正式には「洞門キャンプ場」という公営のキャンプ場なのですが、管理をまかされているご夫婦が素敵にリノベーションされて運営しているそうです。

テレビもなく、ネット環境も(ドコモ以外のスマホは圏外)ないこの森で、火を熾してBBQ、ハンモックに揺られながらたわいのない話をしながら家族で過ごす時間。翌朝、施設のメッセージカードにうちの子が『静かで素敵な時間を過ごすことができました。ありがとうございました』と書いていたことに幸せな気持ちになりました。

日頃は、YouTubeやゲームに時間を費やし、それが原因で親子喧嘩にもなっている我が子が、この静かな時間をそんな風に感じていたこと、ここに人間としての究極な「幸せ」が存在しているのではないか、そんな風に感じたのです。

百々美香
子供

私が住む北九州は、少し足を延ばすと、近場に素晴らしい自然がたくさん存在しています。

地方都市において、「若者の流出」は死活問題のように言われますが、安宅さんが仰っているように、私は近い未来はきっと、こうした自然と共に暮らせる環境に、人々は帰ってくるのではないか、そこにテクノロジーが貢献していくのではないかと感じます。

私が掲げている「ワーク・ライフデザイン」は、どんな仕事をするのか?から考えるのではなく、どんな場所でどんな風に生活したいのか、どんな生き方をしたいのか、から考えることを目指しています。

生きていくためにはもちろんお金も大事。
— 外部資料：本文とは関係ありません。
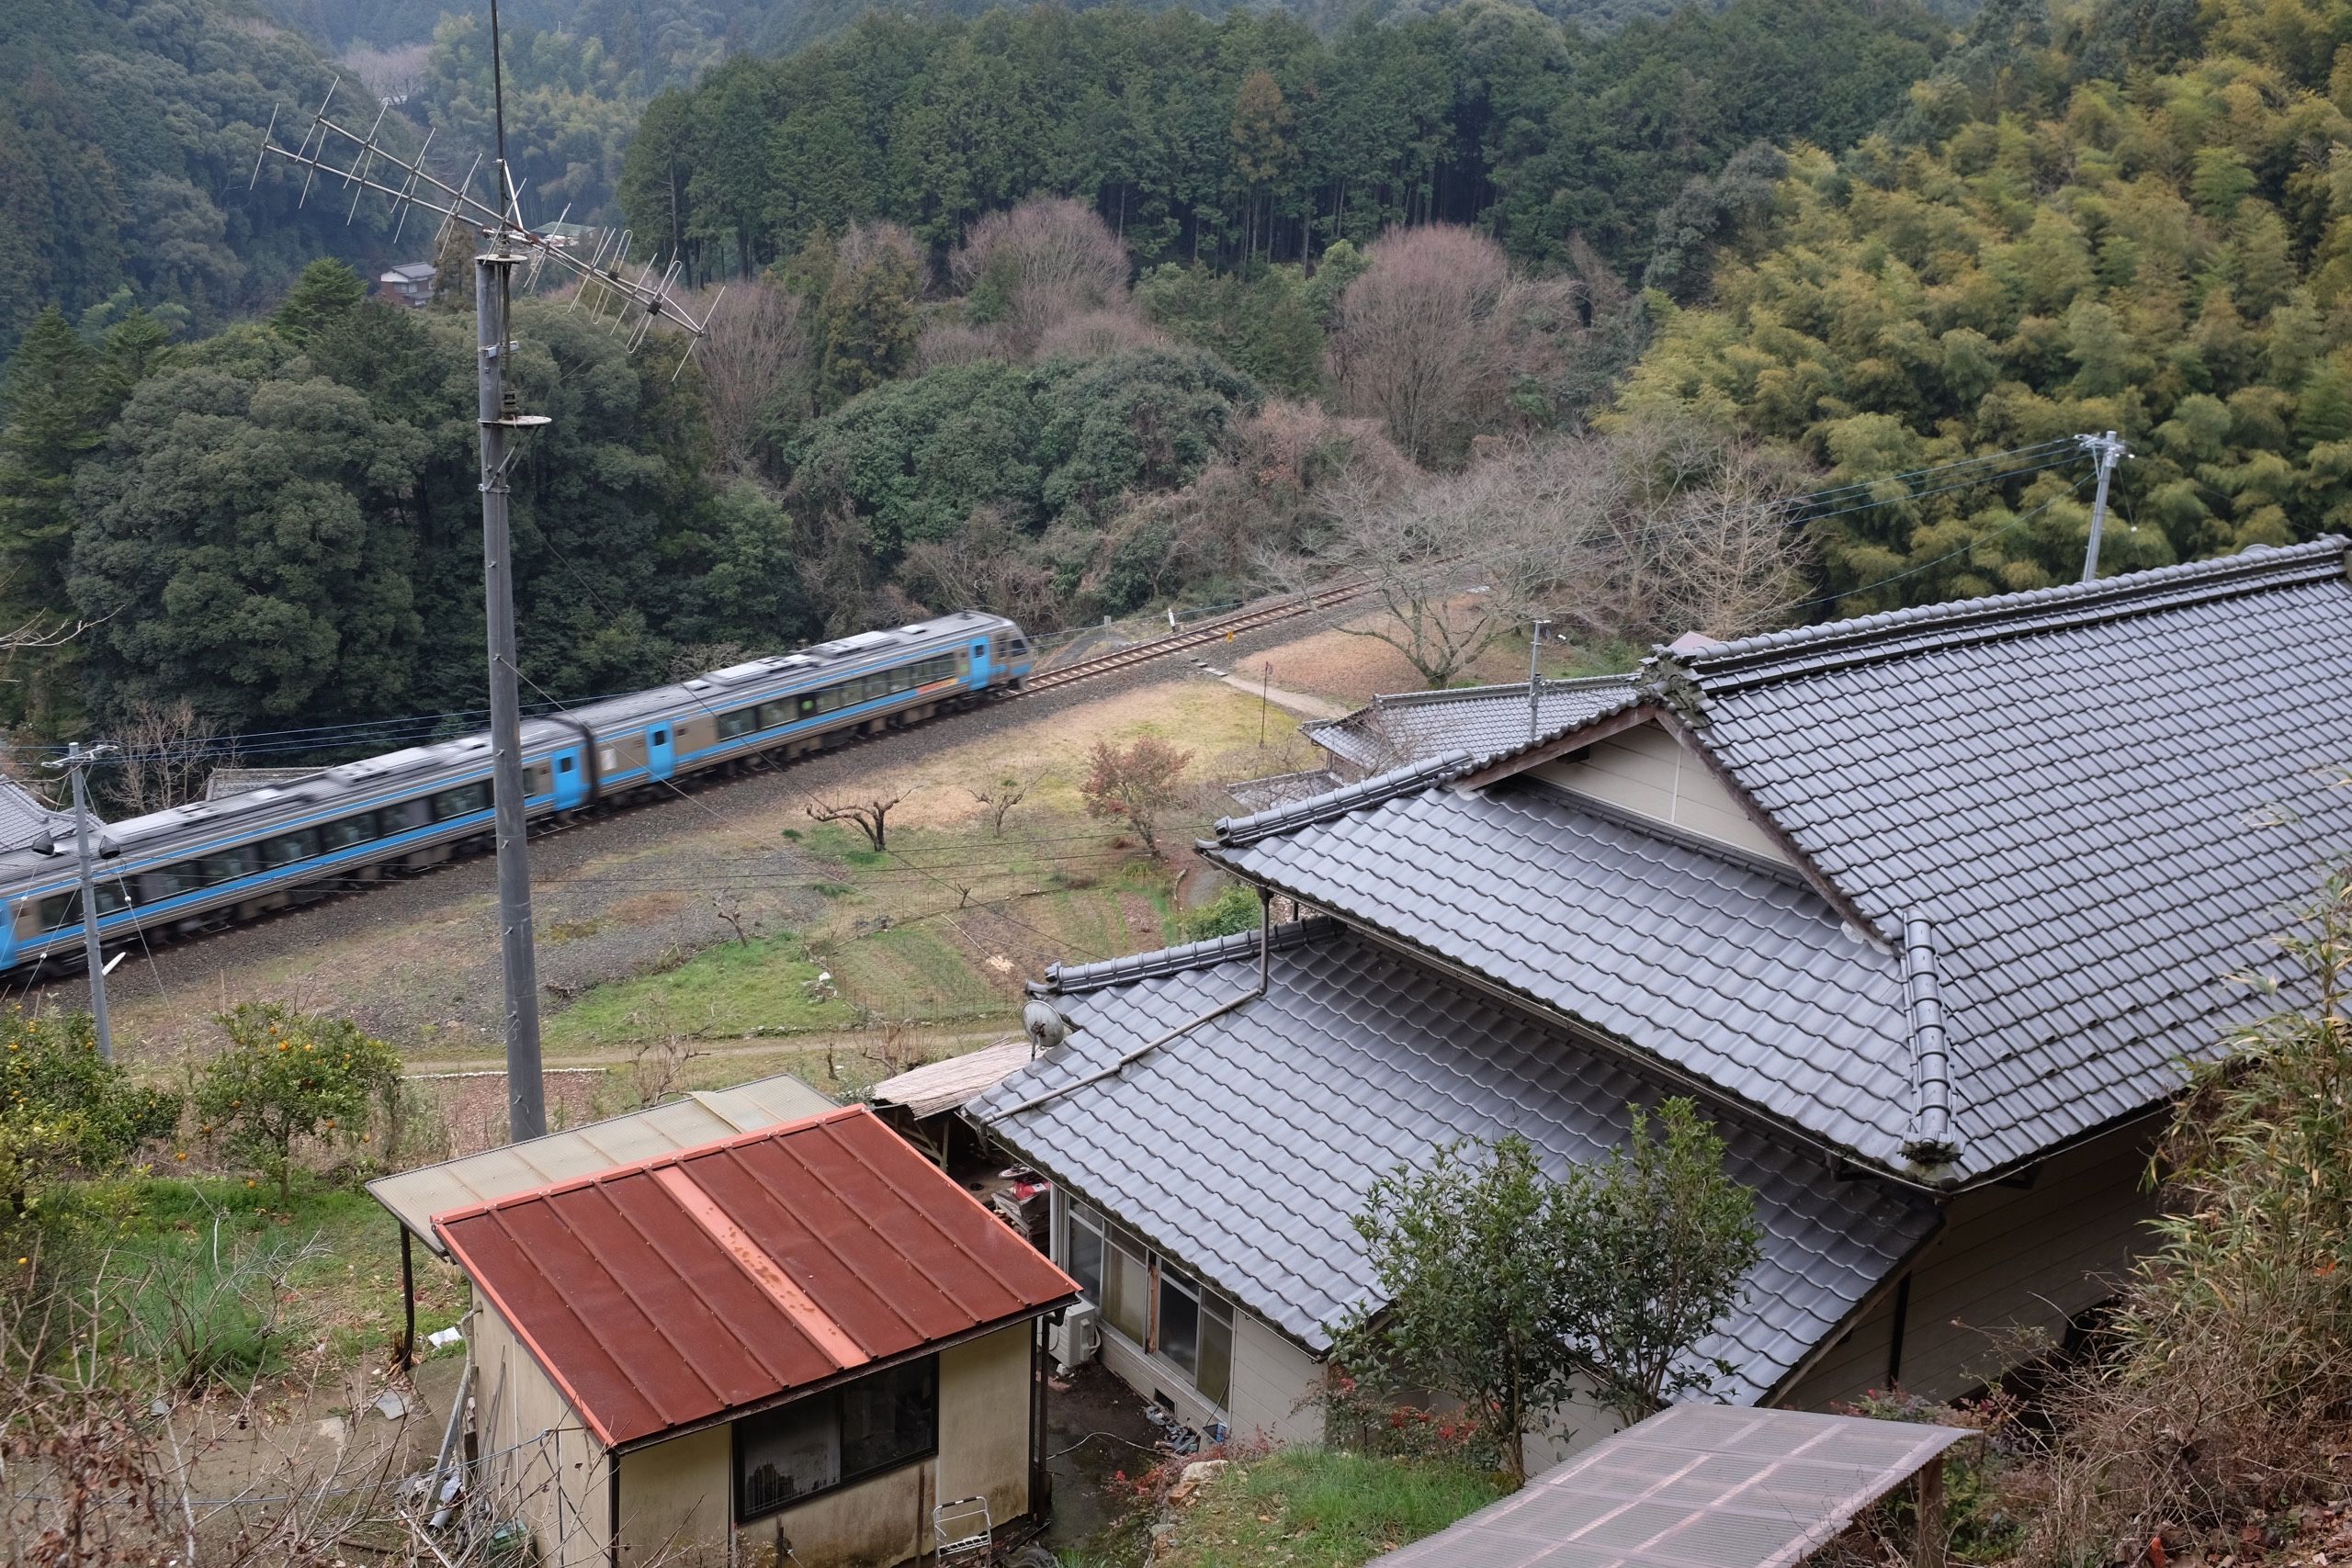 A blue express train passes a Japanese house in the hills.

でもやはり、人間らしく生きられること、健康でいられること、笑顔でいられること、そのための環境も考えていきたいですよね。

あなたにとっての「幸せ」は?

テクノロジーが進化し、場所に囚われずに働けるようになるこれからの時代、私たちはもっとわがままに、自分の人生を考えてよいと思います。自分の生き方を優先した働き方を手に入れることができるはずです。

そして、SDGsなどでも謳われているように、美しい地球環境を守り、誰一人残さない、私たち一人ひとりがまわりを幸せにできるような未来を、残していけたらいいなと思います。